CYSTIC
LESION OF THE NECK MAY BE A CLINICAL MANIFESTATION OF PAPILLARY THYROID CANCER
AND MIMIC AN APPARENTLY BENIGN CYST
Although
the vast majority of cystic lesions of the neck are benign (such as branchial
cleft cysts, dermoid cysts, teratoma, epidemoid cysts, cystic hygromas etc), occasionally
they may be a clinical manifestation of papillary thyroid cancer (PTC, the most
common type of thyroid cancer). In this case, cystic lesions represent a
metastatically involved lymph node which underwent central liquefaction with
cystic degeneration. This is a common phenomenon in PTC, since approximately 40
% (reported range, 21 – 50 %) of all lymph node metastases have the tendancy to
completely cavitate a lymph node by cystic degeneration and thus may mimic an apparently
benign cyst of the neck. Moreover, in a small but significant percentage of
patients with PTC, lymph node metastases may be the sole or initial
manifestation of the disease (the so-called ‘occult’ thyroid cancer). More
rarely, these ‘cystic lesions’ may be due to cystic degeneration of ectopic
thyroid tissue. Only 5 % of intrathyroid PTCs are cystic, but in this case a
solitary component typically coexists.

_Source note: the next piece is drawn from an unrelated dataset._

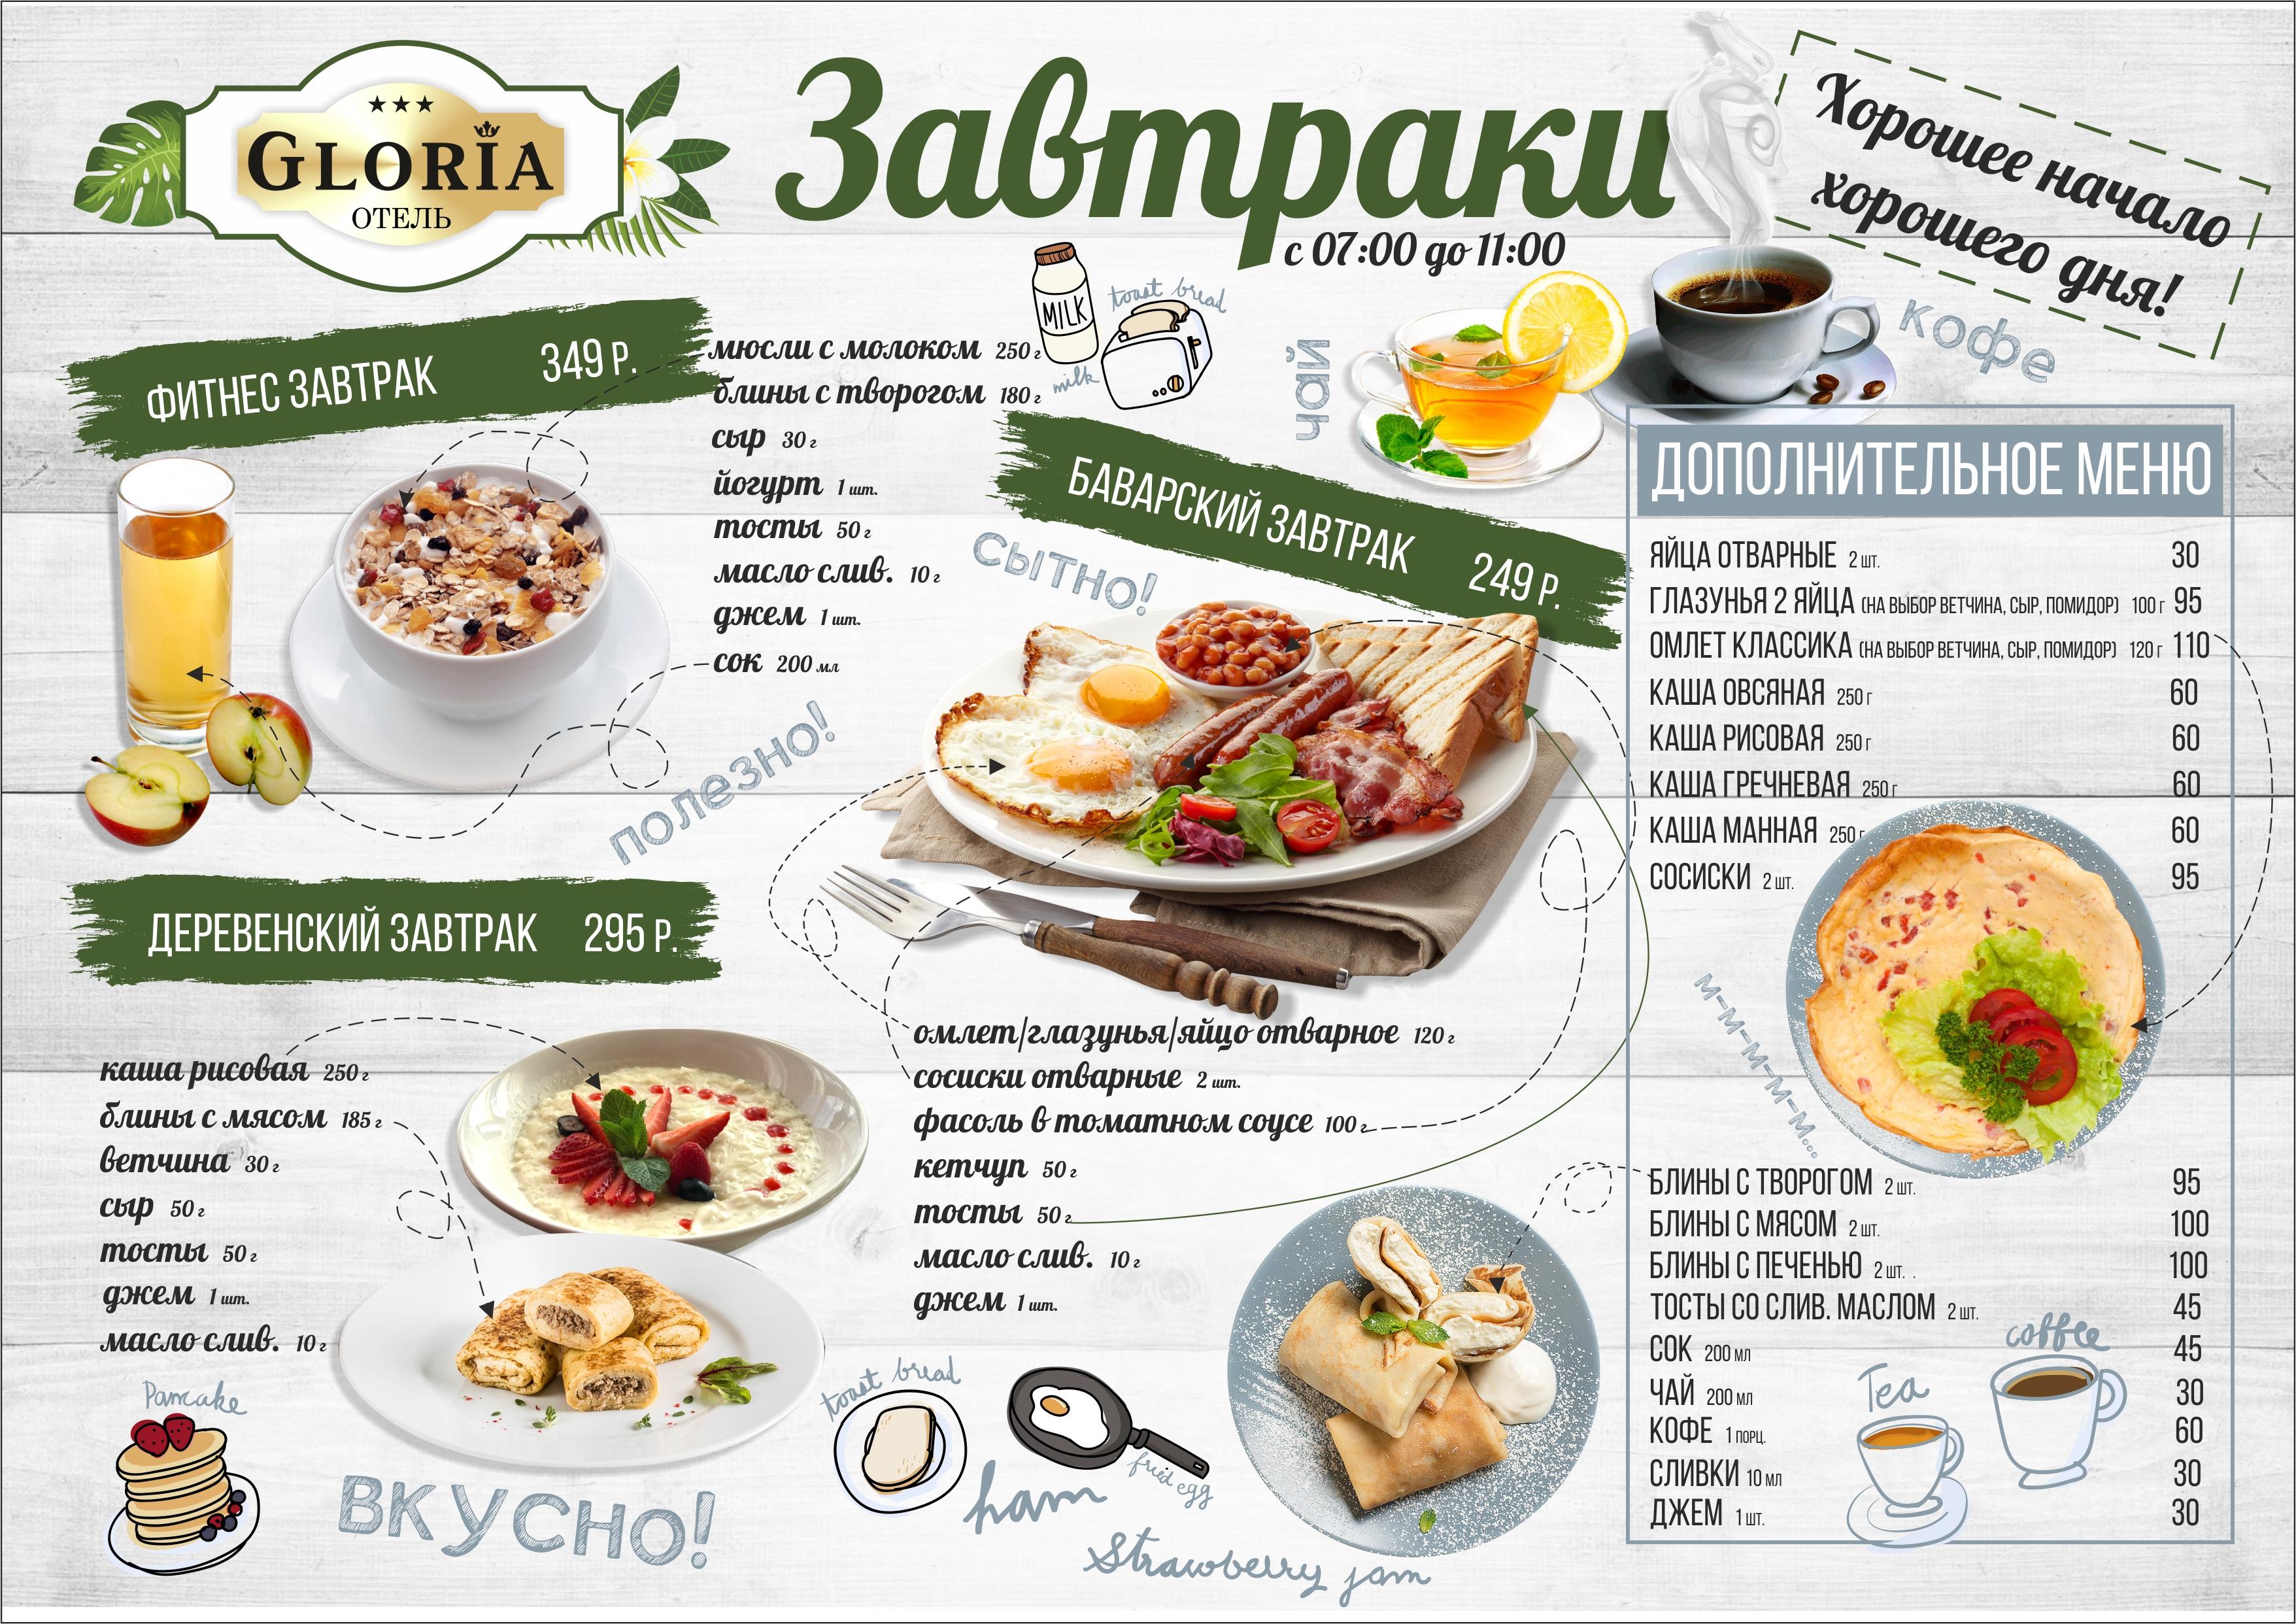 Сытные и разнообразные завтраки для гостей.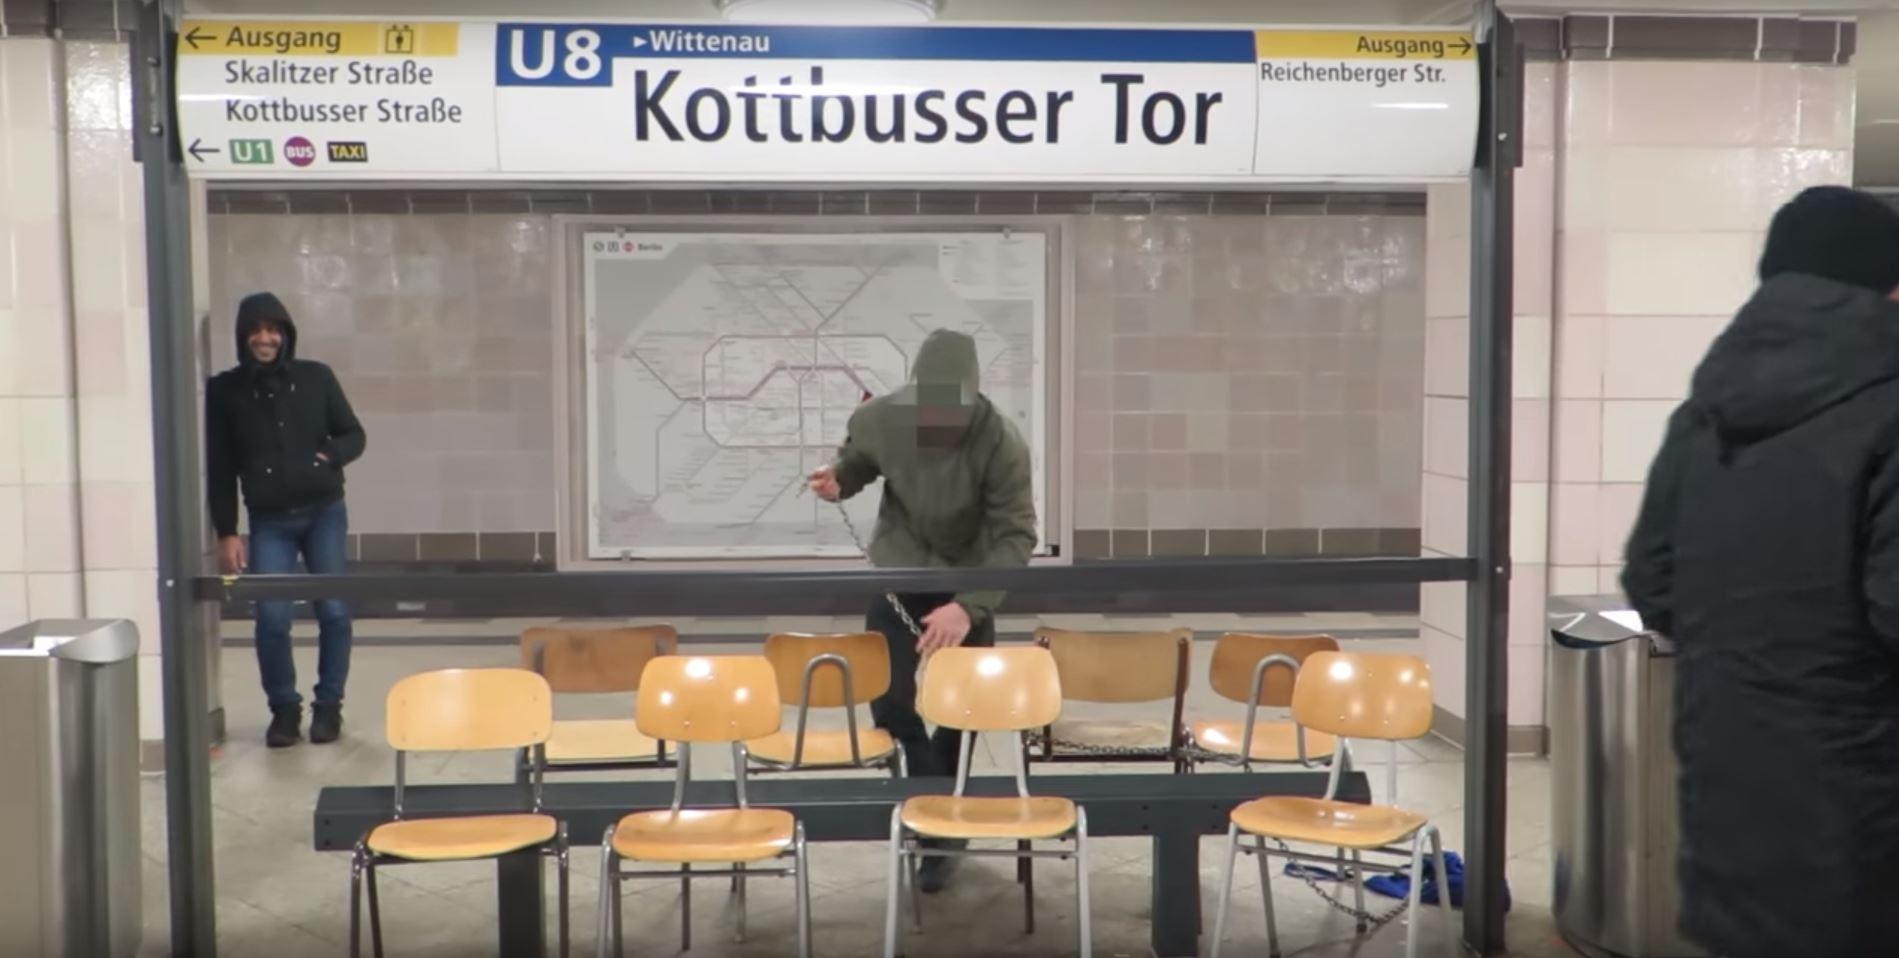 TOY, Bankraub, Wochenrückblick

Fine-needle aspiration (FNA) should be
performed to establish the diagnosis. The fluid aspirated is typically acellular
and therefore cytology is often non-diagnostic. Thyroglobulin concentration (Tg)
should be measured in the aspirate. Detectable or high Tg levels support the
diagnosis of thyroid cancer (cystic degeneration of involved lymph node[-s]).